Elsevier

Journal of Hepatology

Volume 65, Issue 5, November 2016, Pages 906-913
Journal of Hepatology

Research Article
Testosterone therapy increases muscle mass in men with cirrhosis and low testosterone: A randomised controlled trial

https://doi.org/10.1016/j.jhep.2016.06.007Get rights and content

Background & Aims

Low testosterone and sarcopenia are common in men with cirrhosis and both are associated with increased mortality. Whether testosterone therapy in cirrhosis improves muscle mass and other outcomes is unknown.

Methods

We conducted a 12-month, double-blinded, placebo-controlled trial of intramuscular testosterone undecanoate in 101 men with established cirrhosis and low serum testosterone (total testosterone <12 nmol/L or free testosterone <230 pmol/L) in a single tertiary centre. Body composition was assessed using dual-energy X-ray absorptiometry at baseline, 6 and 12 months.

Results

At study completion, appendicular lean mass was significant higher in testosterone-treated subjects, with a mean adjusted difference (MAD) of +1.69 kg, (CI +0.40; +2.97 kg, p = 0.021). Secondary outcomes included a substantially higher total lean mass in the active group (MAD +4.74 kg, CI +1.75; +7.74 kg, p = 0.008), matched by reduced fat mass (MAD −4.34 kg, CI −6.65; −2.04, p <0.001). Total bone mass increased (MAD +0.08 kg, CI +0.01; +0.15 kg, p = 0.009) as did bone mineral density at the femoral neck (MAD +0.287 points, CI +0.140; +0.434, p <0.001). Haemoglobin was higher with testosterone therapy (MAD +10.2 g/L, CI +1.50; +18.9 g/L, p = 0.041) and percentage glycosylated haemoglobin (HbA1c) lower (MAD −0.35%, CI −0.05; −0.54, p = 0.028). Mortality was non-significantly lower in testosterone-treated patients (16% vs. 25.5%, p = 0.352). There was no increase in adverse events in testosterone-treated subjects.

Conclusion

Testosterone therapy in men with cirrhosis and low serum testosterone safely increases muscle mass, bone mass and haemoglobin, and reduces fat mass and HbA1c. This is the first evidence-based therapy for sarcopenia in cirrhosis and thus requires larger-scale investigation into its potential impact on mortality.

Lay summary

Both low testosterone and muscle wasting are associated with increased risk of death in men with severe liver disease. Administering testosterone to men with liver disease who have low testosterone levels significantly increases their muscle mass. In addition, testosterone has non-muscle beneficial effects which may be able to increase survival in this population.

Clinical trial number

Australian New Zealand Clinical Trials Registry trial number ACTRN 12614000526673.

Introduction

Serum testosterone is reduced in up to 90% of men with cirrhosis [1], [2]. Sarcopenia is similarly common in cirrhosis, with an estimated prevalence of 40–70%. This prevalence appears to be greater in men, at 50–70%, as compared to 20% in women [3], [4], [5]. Both low testosterone and sarcopenia have been associated with increased mortality in men with cirrhosis, independent of the Model for End-stage Liver Disease (MELD) score [5]. Reversal of sarcopenia in an observational cohort has been associated with improved survival [6], and thus it is logical to anticipate a mortality-benefit if we can treat sarcopenia in cirrhosis. However, there are currently no interventions supported by randomised controlled data to increase muscle mass in this population. Testosterone is known to increase muscle mass and reduce body fat in both hypogonadal and eugonadal men [7], [8], but it cannot be assumed that the same is true in cirrhosis, due to multiple other factors contributing to the pathogenesis of sarcopenia in this population [9].

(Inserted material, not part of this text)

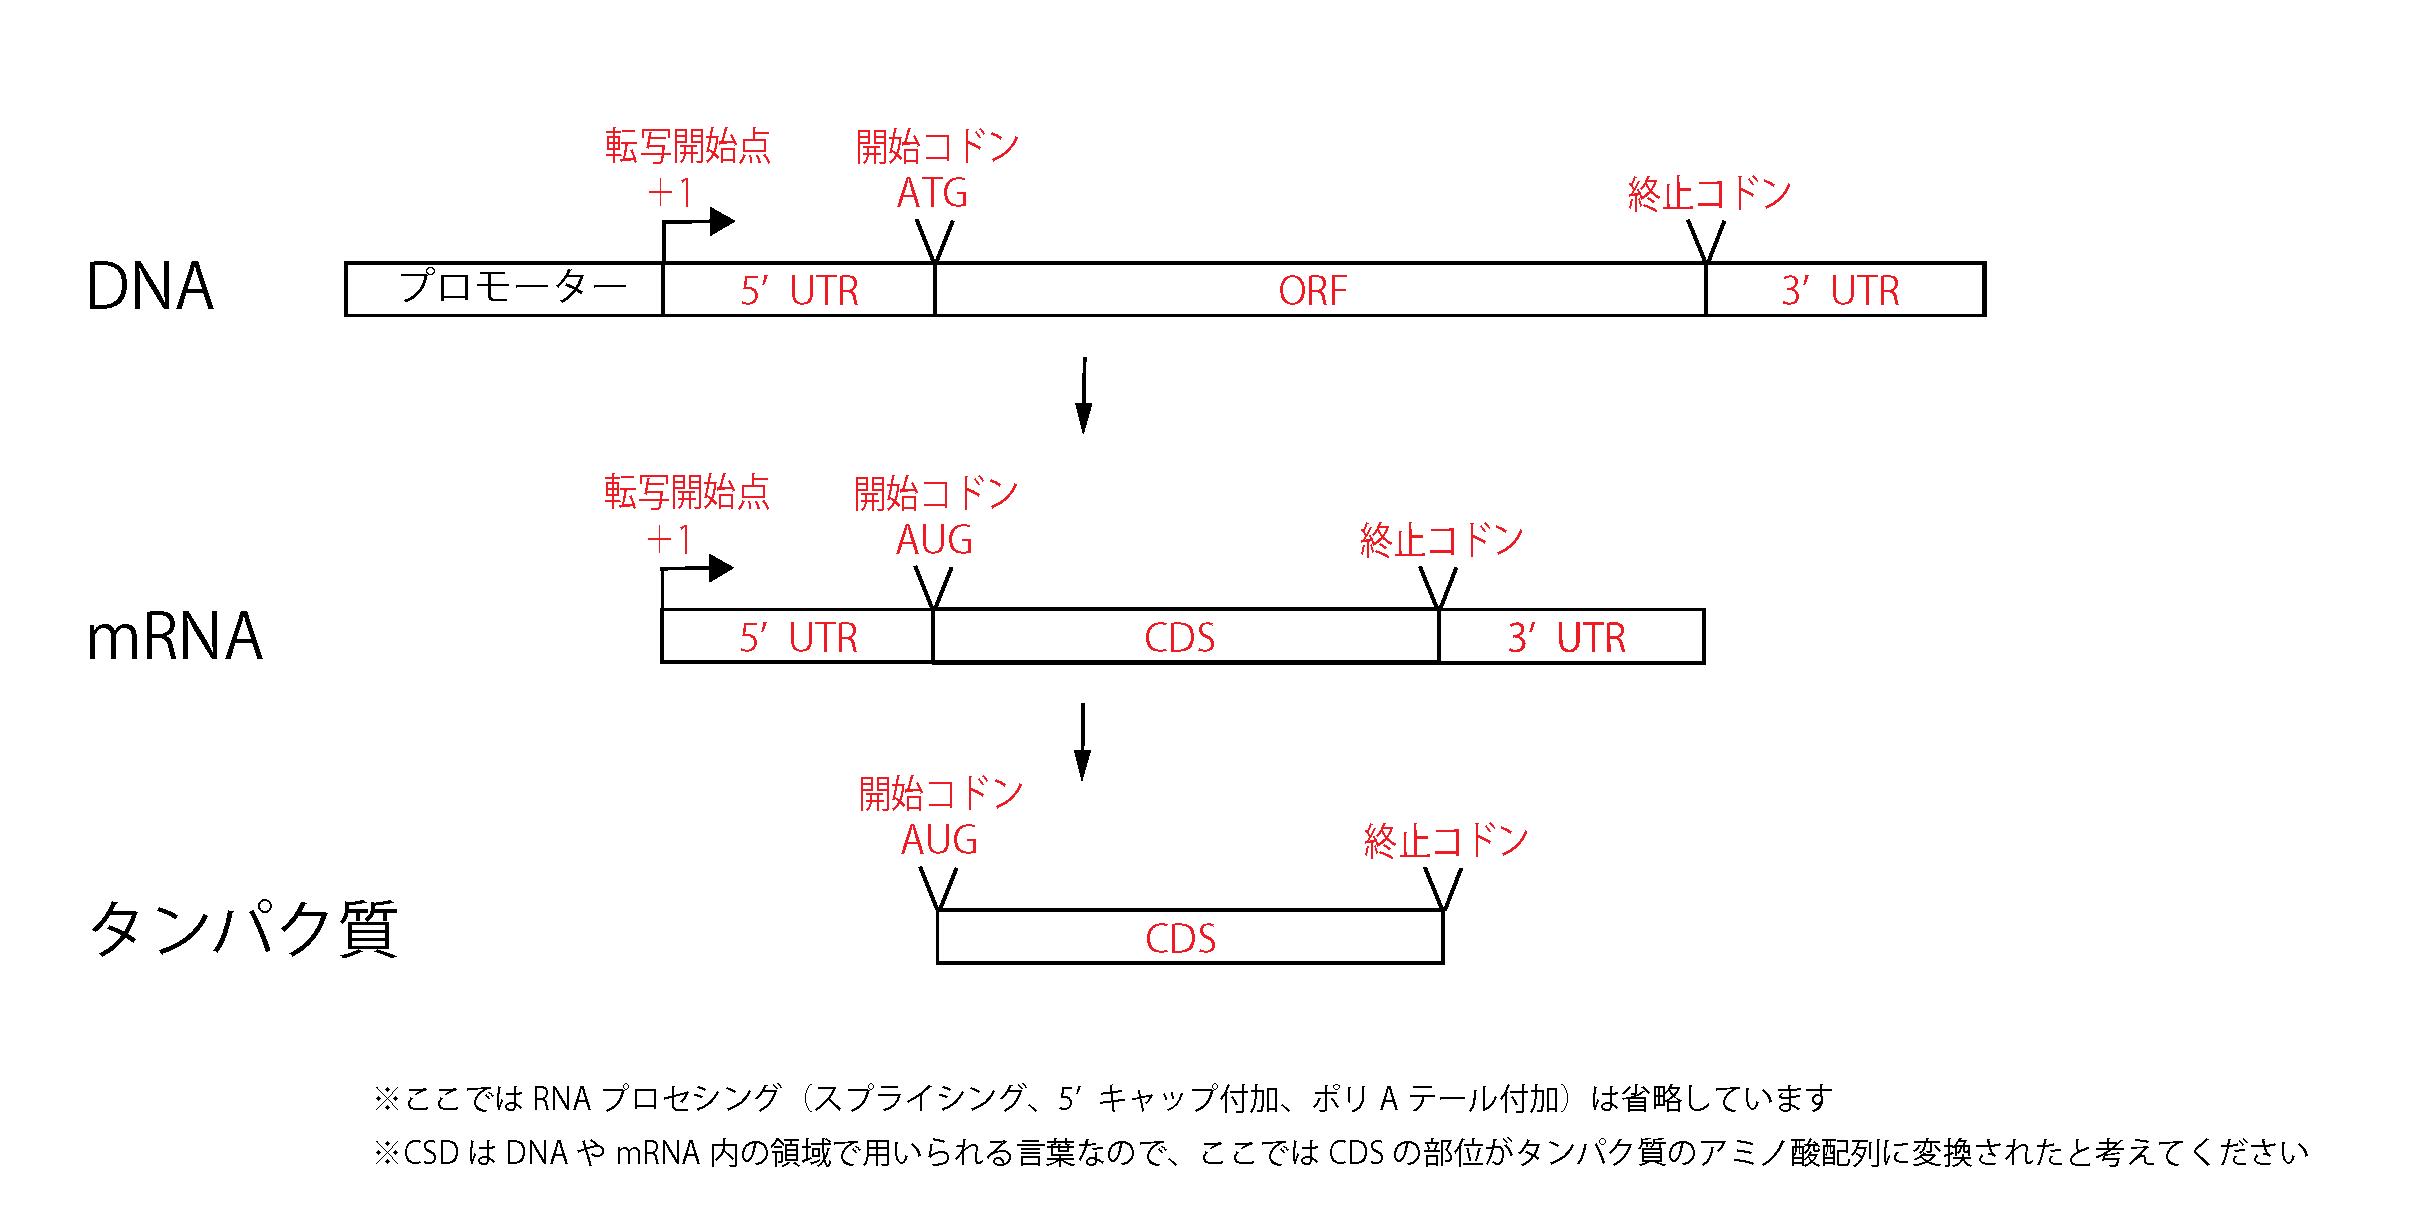 遺伝子の構成(ORF、UTR)について

Previous studies investigating the potential therapeutic effects of testosterone therapy in men with cirrhosis have been limited by such issues as inclusion of women and eugonadal men, variable follow-up durations, and inappropriate drug delivery such as oral administration, with inconclusive findings [10], [11], [12], [13]. A Cochrane review of testosterone therapy in men with liver disease included a high proportion of non-cirrhotic subjects with alcoholic hepatitis who ceased alcohol ingestion during the study period, and thus the failure to identify benefit is uninterpretable [14]. Previous studies have not examined effects on muscle mass, which has only relatively recently been identified as an important prognostic factor in cirrhosis.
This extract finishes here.